Compilation album by James Ray and The Performance/James Rays Gangwar
- Released: March 5, 1996
- Recorded: 1986 –
- Genre: Gothic rock
- Length: 72:40
- Label: Fifth Colvmn
- Producers: Andrew Eldritch; Hugh Jones;

James Ray chronology
| Third Generation (1993) | Best of James Ray's Performance & Gangwar (1996) | Psychodalek (1997) |

= Best of James Ray's Performance & Gangwar =

Best of James Ray's Performance & Gangwar is a compilation album by James Ray and The Performance and James Rays Gangwar, released on March 5, 1996, by Fifth Colvmn Records.

==Reception==

AllMusic awarded Best of James Ray's Performance & Gangwar four out of five stars.
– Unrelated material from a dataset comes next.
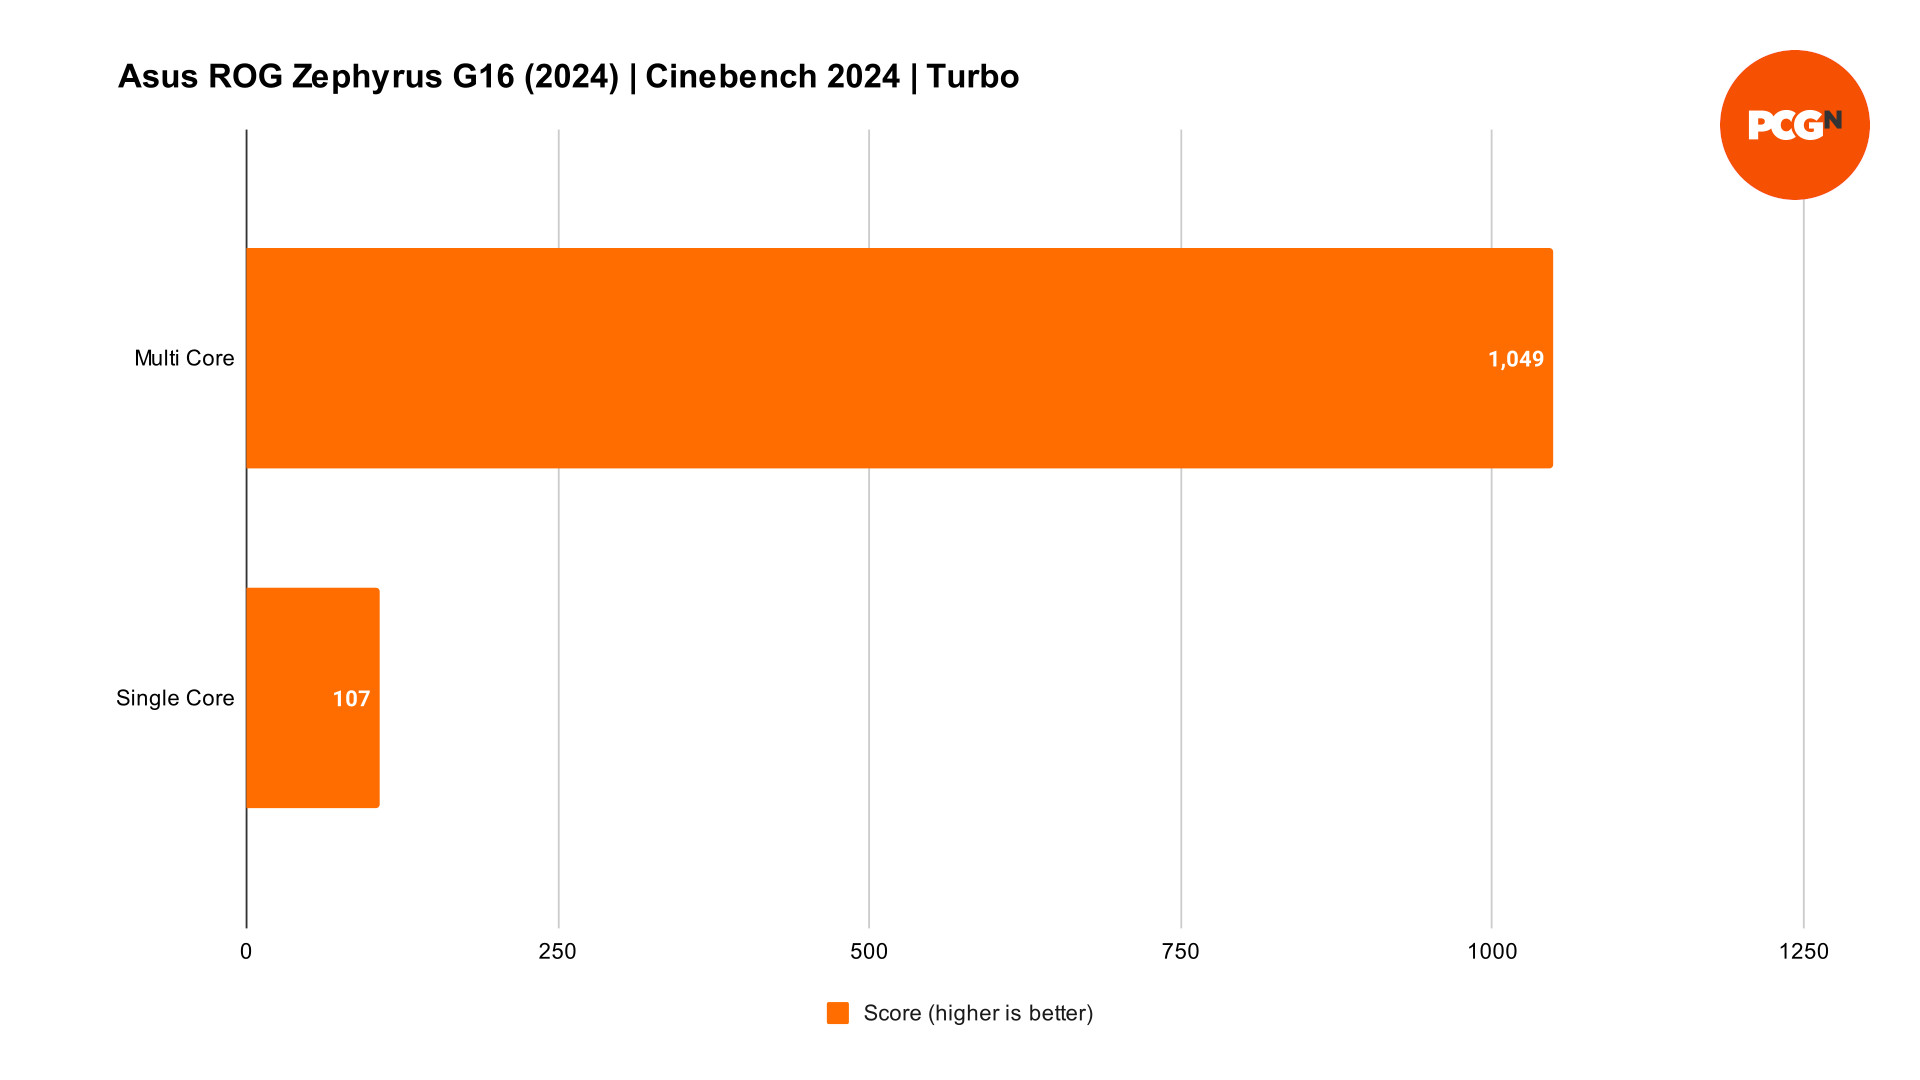 Asus ROG Zephyrus G16 (2024) review: Cinebench results graph

Aiding & Abetting recommended the anthology to listeners of The Sisters of Mercy and said "Ray avoids some of the dreary excesses that later Sisters stuff got bogged down in, and simply cranks out quite a few moody yet catchy tunes." A critic at babysue commended the album and said "sounds nice, and is a bit poppier than you might think."

Professional ratings
Review scores
| Source | Rating |
| AllMusic | Star |

== Track listing ==

| No. | Title | Album (date) | Length |
|---|---|---|---|
| 1. | "Mexico Sundown Blues" | A New Kind of Assassin (1989) | 9:05 |
| 2. | "Texas" | A New Kind of Assassin (1989) | 5:31 |
| 3. | "Mountain Voices" (Remix) | A New Kind of Assassin (1989) | 5:03 |
| 4. | "Dust Boat" | A New Kind of Assassin (1989) | 4:30 |
| 5. | "Edie Sedgwick" | A New Kind of Assassin (1989) | 6:20 |
| 6. | "Rev Rev Lowrider" | A New Kind of Assassin (1989) | 8:19 |
| 7. | "Heart Surgery" | Dios Está De Nuestro Lado (1992) | 4:57 |
| 8. | "35 Thousand Times" | Dios Está De Nuestro Lado (1992) | 4:31 |
| 9. | "Badlands" | Dios Está De Nuestro Lado (1992) | 2:54 |
| 10. | "Hardwar" | Dios Está De Nuestro Lado (1992) | 4:58 |
| 11. | "Cadillac Coming" | Dios Está De Nuestro Lado (1992) | 4:38 |
| 12. | "Bad Gin" | Dios Está De Nuestro Lado (1992) | 3:42 |
| 13. | "Santa Susana" | Dios Está De Nuestro Lado (1992) | 4:21 |
| 14. | "Coo Ca Choo" (Alvin Stardust cover) | Dios Está De Nuestro Lado (1992) | 3:51 |

== Personnel ==
Adapted from the Best of James Ray's Performance & Gangwar liner notes.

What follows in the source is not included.